The cholets mirror the mansions I saw in Santa Cruz, except these mansions are being built for Aymara Indians who have become wealthy since the rise of Evo. Along with repeated warnings not to wander around El Alto alone, I was told that Aymaras are very reluctant to talk to strangers – not uncommon for an indigenous people. But when I spotted a cholet under construction and began asking about building methods and rebar sizes, the owner, Mario Choque, a compact Aymaran in his early 60s, began to share complaints about errant plumbers and incorrectly sized electrical wire.

Building woes turn out to be an icebreaker in any culture, though Choque's accent posed a bit of a challenge to me. In El Alto, the lingua franca is Aymara, not Spanish. 

Soon enough, Choque was showing me around his half-done cholet. We're talking thousands of square feet per floor. And 30-foot ceilings. The typical price tag these days is upward of $500,000.

The bottom floor will go to retail space, he explained, and above that, one floor will become an AstroTurfed sports arena. "I'm like Evo, I love soccer," he said, when he sees my surprised look. "I want my grandchildren to have a safe place to play. We have no parks in El Alto. I'll also rent it out."

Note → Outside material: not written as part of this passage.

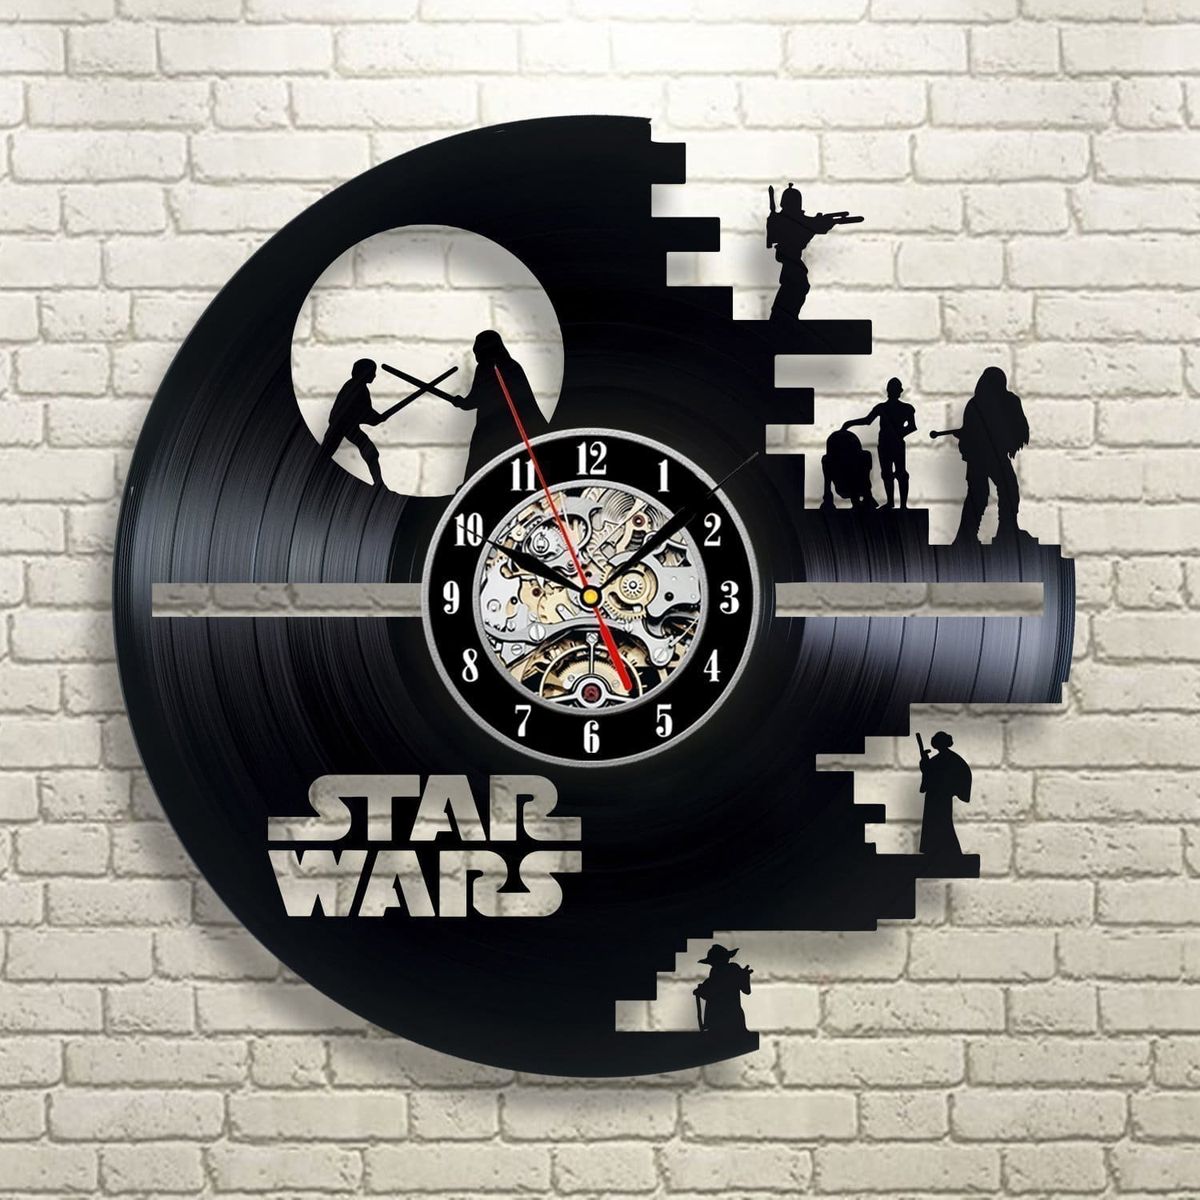 Diese Vinyl-Wanduhr ist eines der coolsten Star Wars-Geschenke
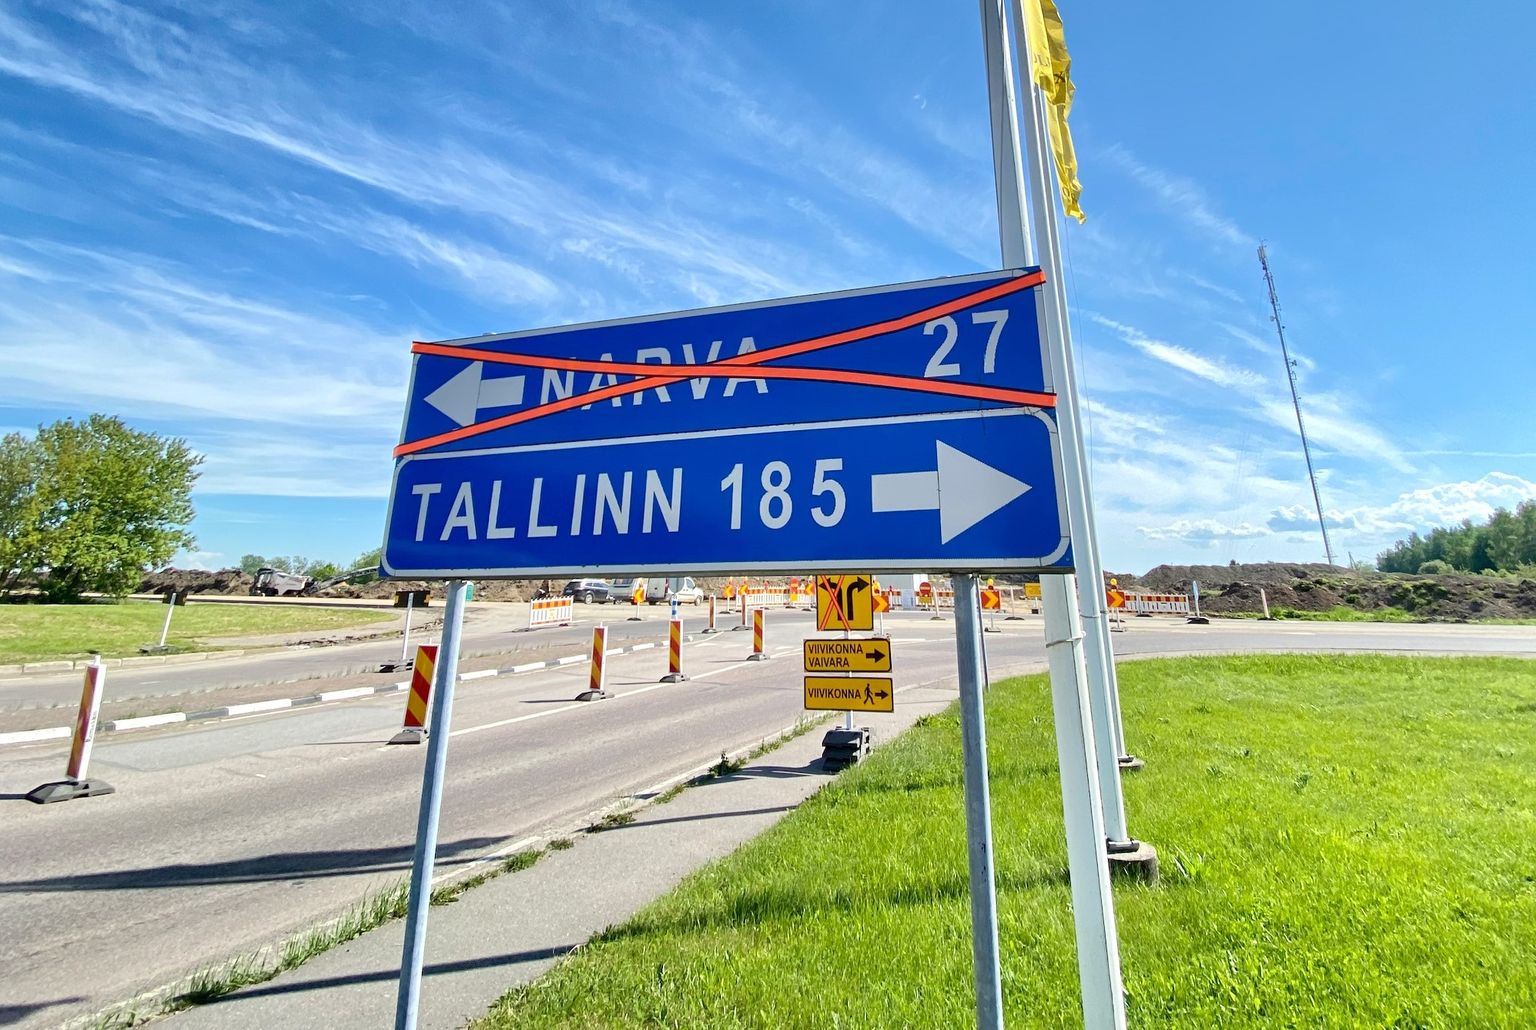 Ida-Virumaa suurim linn Narva on kaotanud nelja viimase aastaga ligamale 5000 elaniku, kellest osad on heade töökohtade puuduse tõttu kolinud Tallinna.  Kuid Narva elab veel üle 53 000 inimese ja see on Eesti suurusel kolmas linn.

He'll also rent out space on the upper two floors, which he plans to decorate in wild colors for weddings and parties. On top of the flat roof is his residence, which bears no architectural resemblance to the rest of the building and looks like a chalet that was dropped in by helicopter. For the moment, it's just an empty shell, but Choque beams with unaccustomed emotion. "Things are going well for us in El Alto," he allowed.

In Choque's case, that's plainly an understatement. Two of his brothers are also building cholets. I ask him how he has managed to make so much money. He runs through a dizzying list of businesses and family links that cover everything from traditional fabrics, to cheap imported Chinese fabrics, to bars and food stalls, to trucking. "I grew up poor, just like Evo," he said. "And now look, he's indigenous just like me and he's president."

For the immediate future, it appears that Arce's handling of the economy has left the country in the enviable position of enjoying growth even in the teeth of the big commodity price declines. Arce said he has a plan to remake the Bolivian economy by 2025.

Therein lies the challenge. Evo's current (and last constitutionally mandated) term runs out in 2020. But the government's image and popularity is firmly anchored in his person, and he has yet to cultivate a successor. Can the New Bolivia survive the departure of its iconic leader?